ThePrint looks at different types of antibody tests, what they measure, and why they cannot predict the future.
Also read: What are Covid antibody titer tests and why they are important during vaccination drive
How antibodies work, and how they are measured
When a person gets infected, the first antibody produced as the immune system kicks into action is ‘IgM’. These start to be produced about a week into the infection, reach peak levels at three weeks, and decline very quickly, at which point, ‘IgG’ antibodies start to get produced. These are the more important antibodies that are responsible for protection, especially in the long term. These antibodies climb in levels from four to eight weeks after infection. Subsequently, they decline comparatively slowly.
IgM and IgG are ‘binding’ antibodies which physically bind their Y-shaped structure to the proteins on the virus, flagging it and causing macrophage cells to destroy it. They can also attract natural killer cells to come and destroy cells that are infected with the virus. They simply act as markers and may not interfere with the infectivity of the virus.
A subset called ‘neutralising’ antibodies can affect the virus’ ability to infect cells by preventing it from undergoing the structural changes required to enter a host cell. Protection against infections occurs in the form of blocking viral infection and/or replication.
For Covid-19, at the moment, it is not known which antibody protects against the virus, and to what extent, but experts say it is likely to be neutralising antibodies. A majority of neutralising antibodies are IgG.
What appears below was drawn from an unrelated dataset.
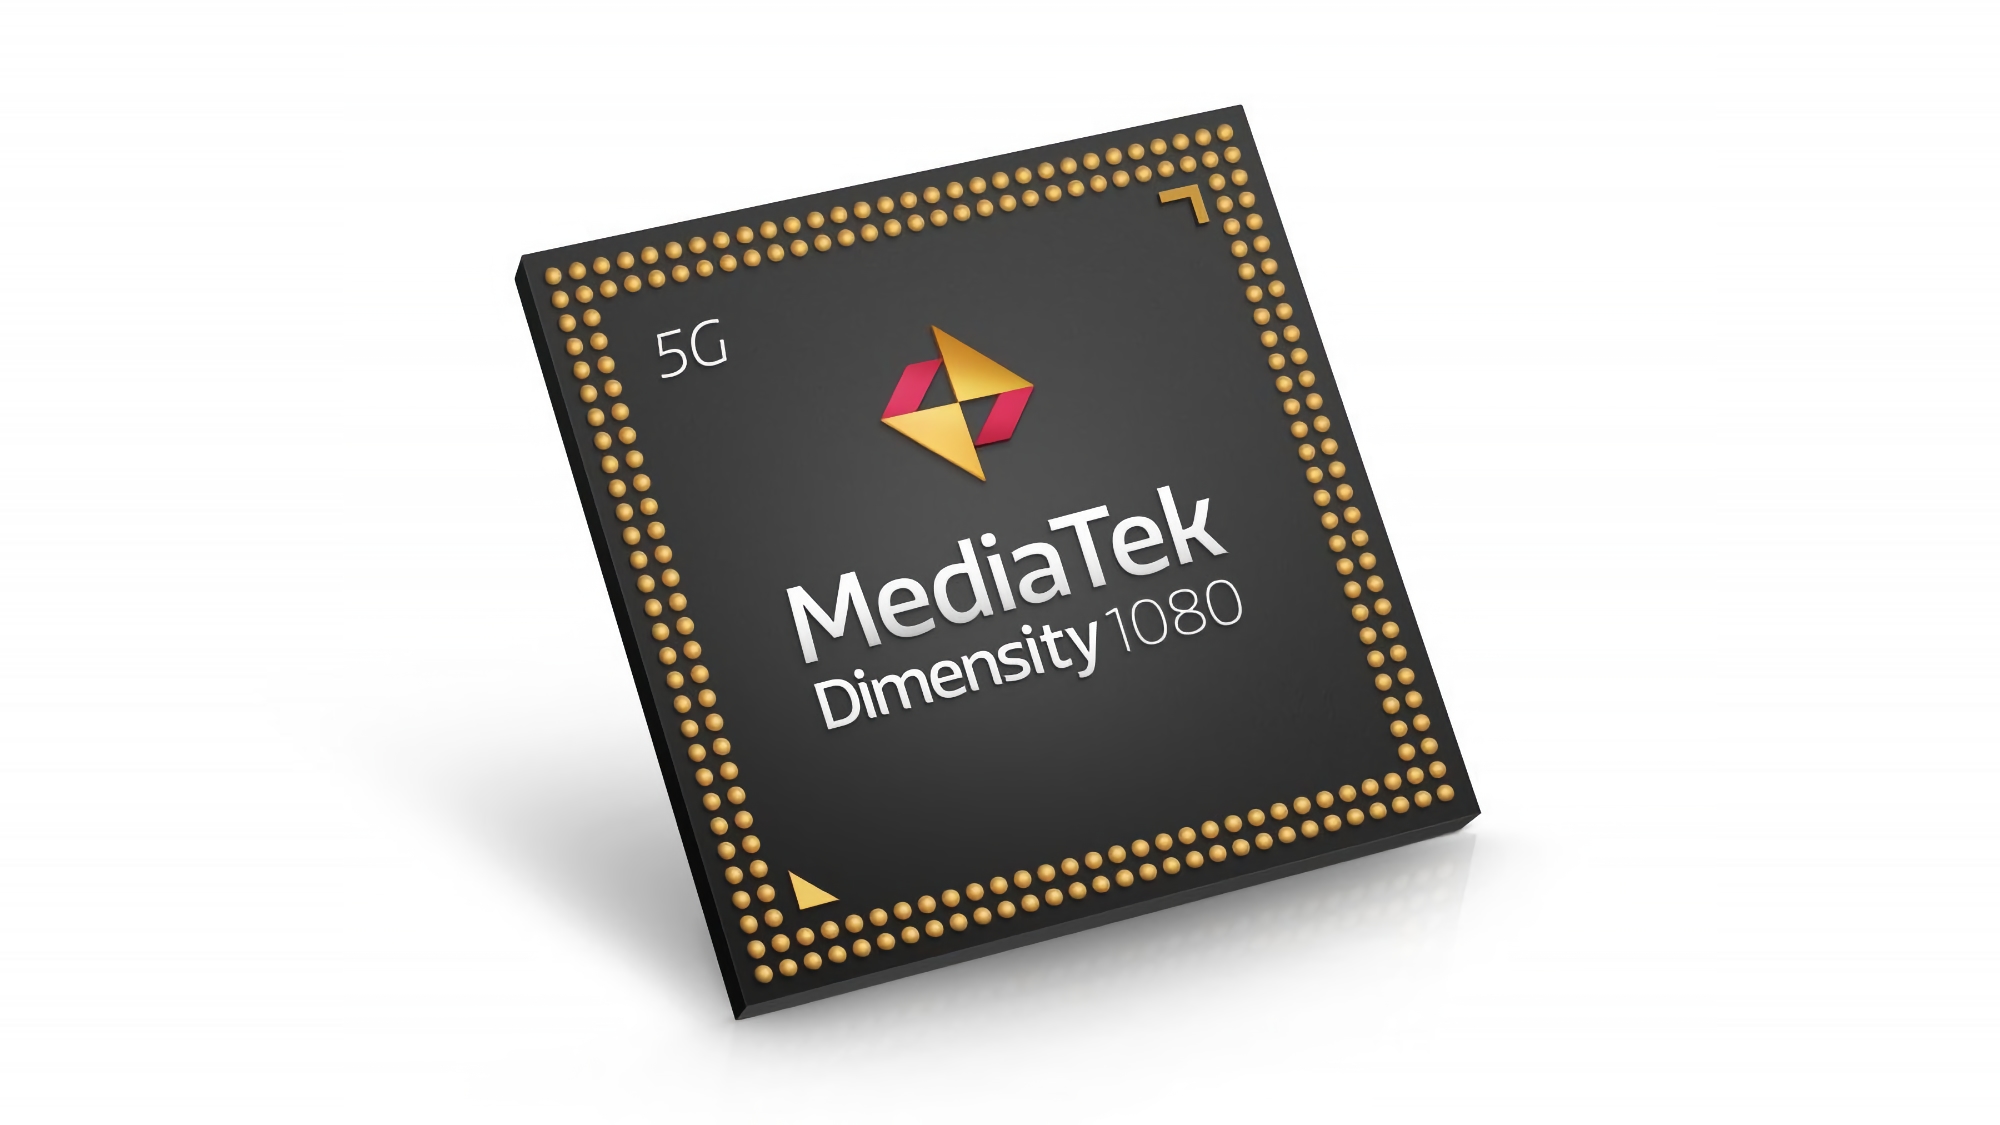 MediaTek introduced the Dimensity 1080: A 6-nanometer processor with support for cameras up to 200 MP

Antibody tests in the market today indicate the presence of IgM or IgG antibodies, and sometimes IgA, which are produced after IgM and play a key role in protecting mucous membranes around the body. These antibodies, in turn, reveal past exposure or immune response after vaccination. These tests measure binding antibodies, and are used in sero-surveys to measure exposure.
There is no standardised test available today that can measure neutralising antibodies, and thus, protection.
Types of antibody tests
The ‘sensitivity’ of a test is its ability to pick up antibodies, while its ‘specificity’ is the ability to pick up the correct antibodies produced in response to the SARS-CoV-2 virus (and not other coronaviruses). A low sensitivity provides false negatives, while a low specificity gives false positives.
Antibody tests for SARS-CoV-2 have a low specificity within the first week of exposure and increase in the second and third weeks. Many antibody tests have a high false negative rate and studies evaluating them tend to have a high risk of bias for participant selection, thus incorrectly reporting the accuracy of such antibody tests.
There are four major types of antibody tests: Rapid diagnostic tests (RDT), which are growing in popularity; enzyme-linked immunosorbent assays (ELISA), neutralisation assays, and chemiluminescent immunoassays. The non-rapid tests are all lab-based and require at least 2-3 days for processing.
Rapid tests detect antibodies against antigens or the four structural proteins of the virus —spike (S), envelope (E), membrane (M) and nucleocapsid (N) — within minutes. Of these, S and N are considered to be more immunogenic, or able to invoke an immune response.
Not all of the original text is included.